Exercise goal: Write out the line that holds "T-shirt branca com" together with every line that follows it to the end of the material below, exactly. Omit the pictures.

Collected data:
-*-*-

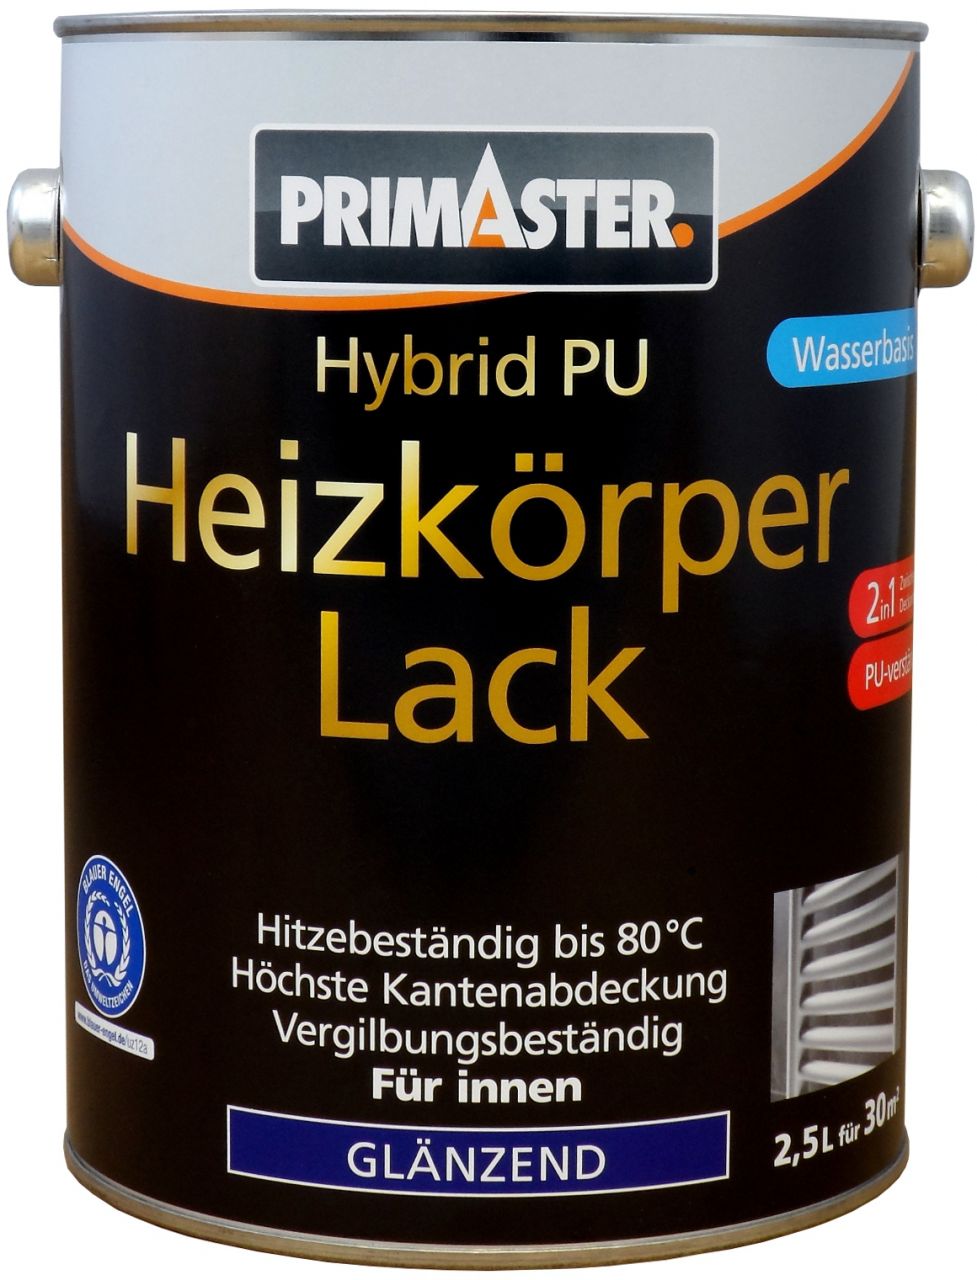 Primaster Hybrid-PU Heizkörperlack 2,5 L weiß glänzend von Primaster
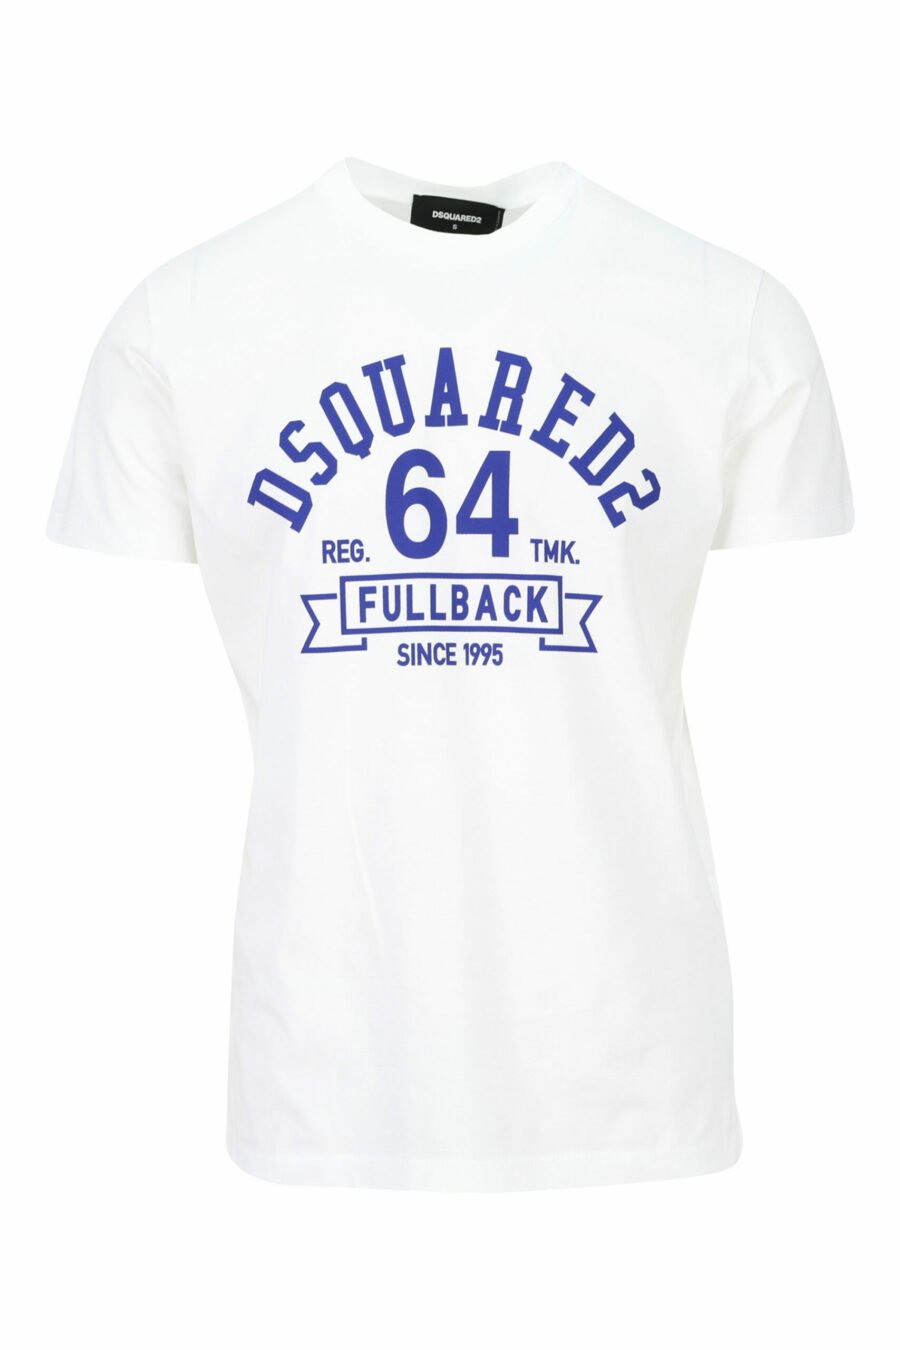 T-shirt branca com maxilogo "college" azul - 8054148086442 scaled
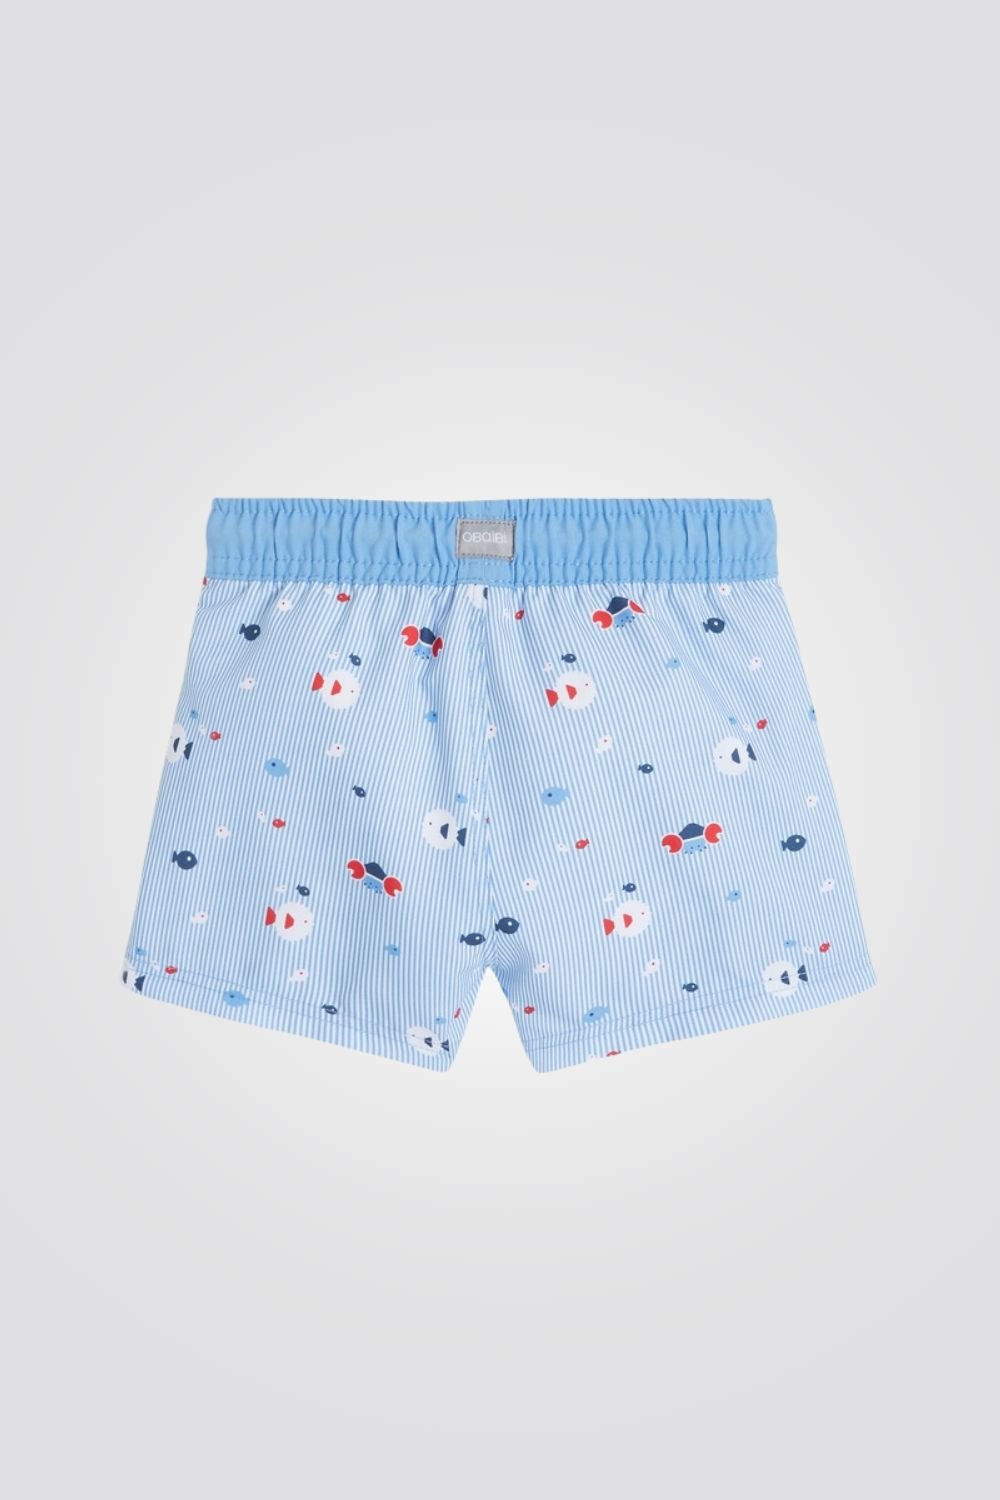 OBAIBI - מכנס בגד ים לתינוקות בצבע כחול - MASHBIR//365
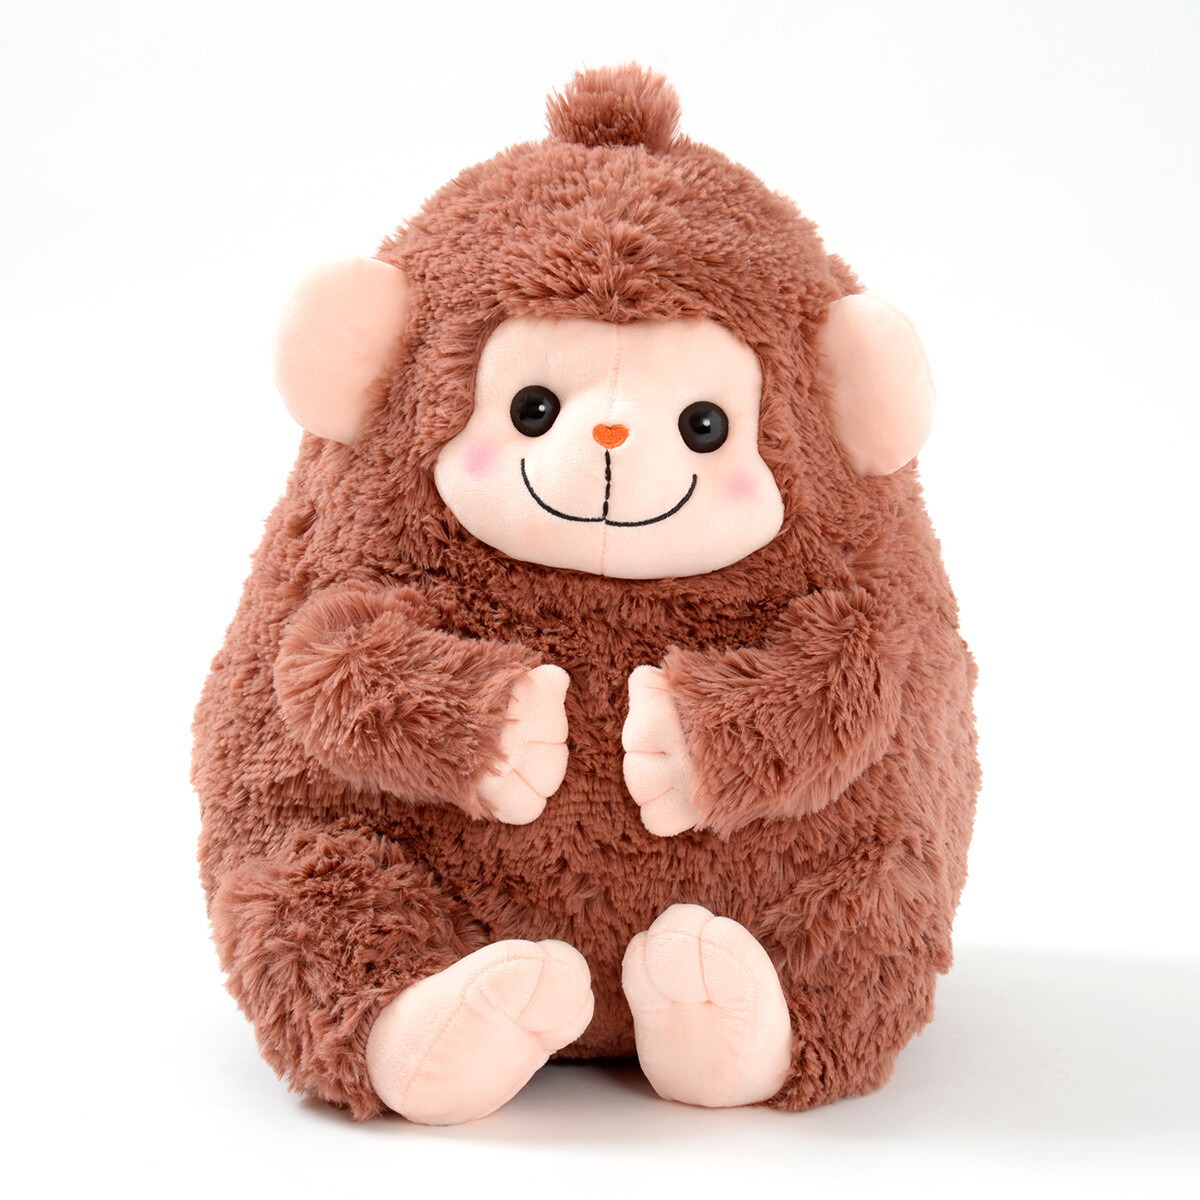 big monkey teddy bear for sale

-*-*-

Answer for this exercise:
 T-shirt branca com maxilogo "college" azul - 8054148086442 scaled
 OBAIBI - מכנס בגד ים לתינוקות בצבע כחול - MASHBIR//365
 big monkey teddy bear for sale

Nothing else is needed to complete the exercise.